Weihnachten im Restaurant
In den Restaurants in Sachsen laufen die Vorbereitungen für die Festtage ebenfalls auf Hochtouren. "Weihnachtsfeiern sind vielerorts ausgebucht", sagt Axel Klein vom Dehoga Sachsen. Auch die Vorbestellungen für Gänsebraten und Co seien gut: "Plätze an den Festtagen sind größtenteils reserviert, unter der Woche ist vereinzelt noch etwas frei." Wer sparen will, greift zunehmend zu Entenbrust.
In der Zeit vor Weihnachten steigt die Nachfrage nach Wildfleisch stark an, beobachtet Udo Lüttschwager vom Sachsenforst, Forstbezirk Adorf (Vogtland). "Besonders in waldreichen Gegenden des Erzgebirges und Vogtlandes werden in dieser Jahreszeit die Wildlager leergekauft." Angeboten werde Rotwild, Schwarzwild, aber am beliebtesten sei Rehfleisch. "Es ist sehr edel, kurzfasrig, schmackhaft."
Bis zu 700 Rehe werden im Adorfer Bezirk pro Jahr geschossen und das Fleisch zum Teil direkt für die Kundschaft aufbereitet - der Rest wird an Gaststätten oder Händler verkauft. "Die Preise sind stabil." Ein Kilogramm Keule kostet 21 Euro, Rücken 28 Euro – unabhängig von der Tierart.
Vegane Alternativen
Währenddessen rüstet sich in Dresden die Vegane Fleischerei für ein Rekordjahr. Im vergangenen Jahr produzierte sie 5.000 Festtagsbraten, diesmal bietet sie 12.000 an, wie Geschäftsführer Nils Steiger sagte. "Wir gehen davon aus, dass wir noch vor den Feiertagen ausverkauft sein werden." Die Manufaktur setzt auf hochwertige Seitanbraten mit Soße und weihnachtlichen Aromen wie Lebkuchen, Aprikosen oder Datteln. Auch der vegane Sauerbraten oder Pflaumenbratwurst seien beliebt. Die Kundschaft wolle auf Fleisch wegen der Zustände in der Tierindustrie verzichten, aber nicht auf das gemeinsame Festessen, so Steiger. Oft bestelle eine Familie, weil Kinder oder Enkel vegetarisch oder vegan lebten.
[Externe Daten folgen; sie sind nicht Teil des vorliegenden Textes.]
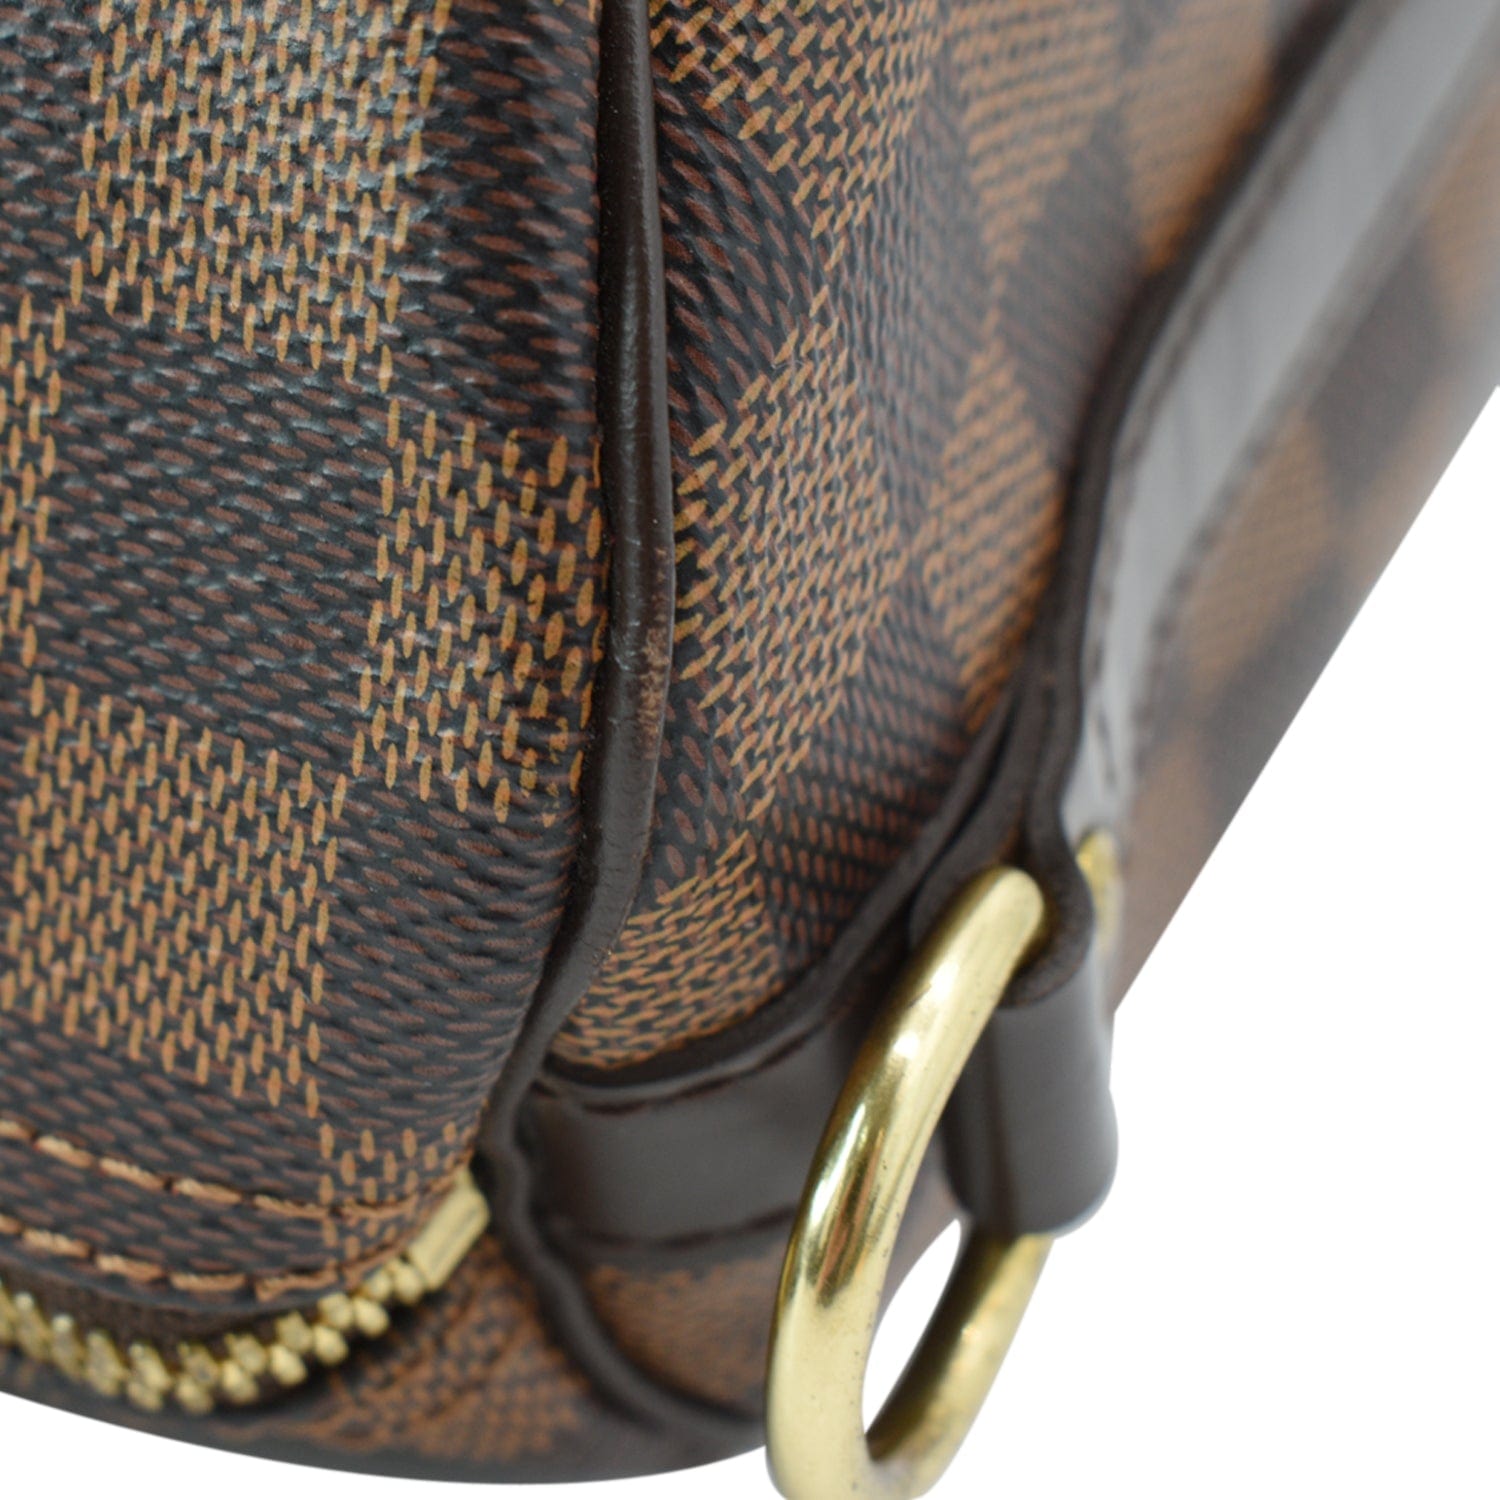 Louis Vuitton Speedy 30 Damier Ebene Bag - THE PURSE AFFAIR

Auch in Großröhrsdorf (Landkreis Bautzen) entstehen Alternativen zum klassischen Festtagsbraten – durch Fermentation. Das Unternehmen Nosh.bio weitet die Produktion des sogenannten Koji-Proteins aus - ein Myzel, das für fleischähnliche Anwendungen geeignet ist. Der Fokus liegt auf alternativen Hackprodukten. "Unser Koji-Protein liefert eine natürliche, nahrhafte und fleischähnliche Textur", teilt das Unternehmen mit. Für Weihnachten eigne es sich etwa für Hackbraten-Aufläufe, eine Alternative für Beef Wellington oder Soßen. Der Myzelansatz aus Pilzen punktet mit niedrigen Produktionskosten und kleiner CO2-Bilanz – Eigenschaften, die gerade in der festlichen Küche zunehmend gefragt seien.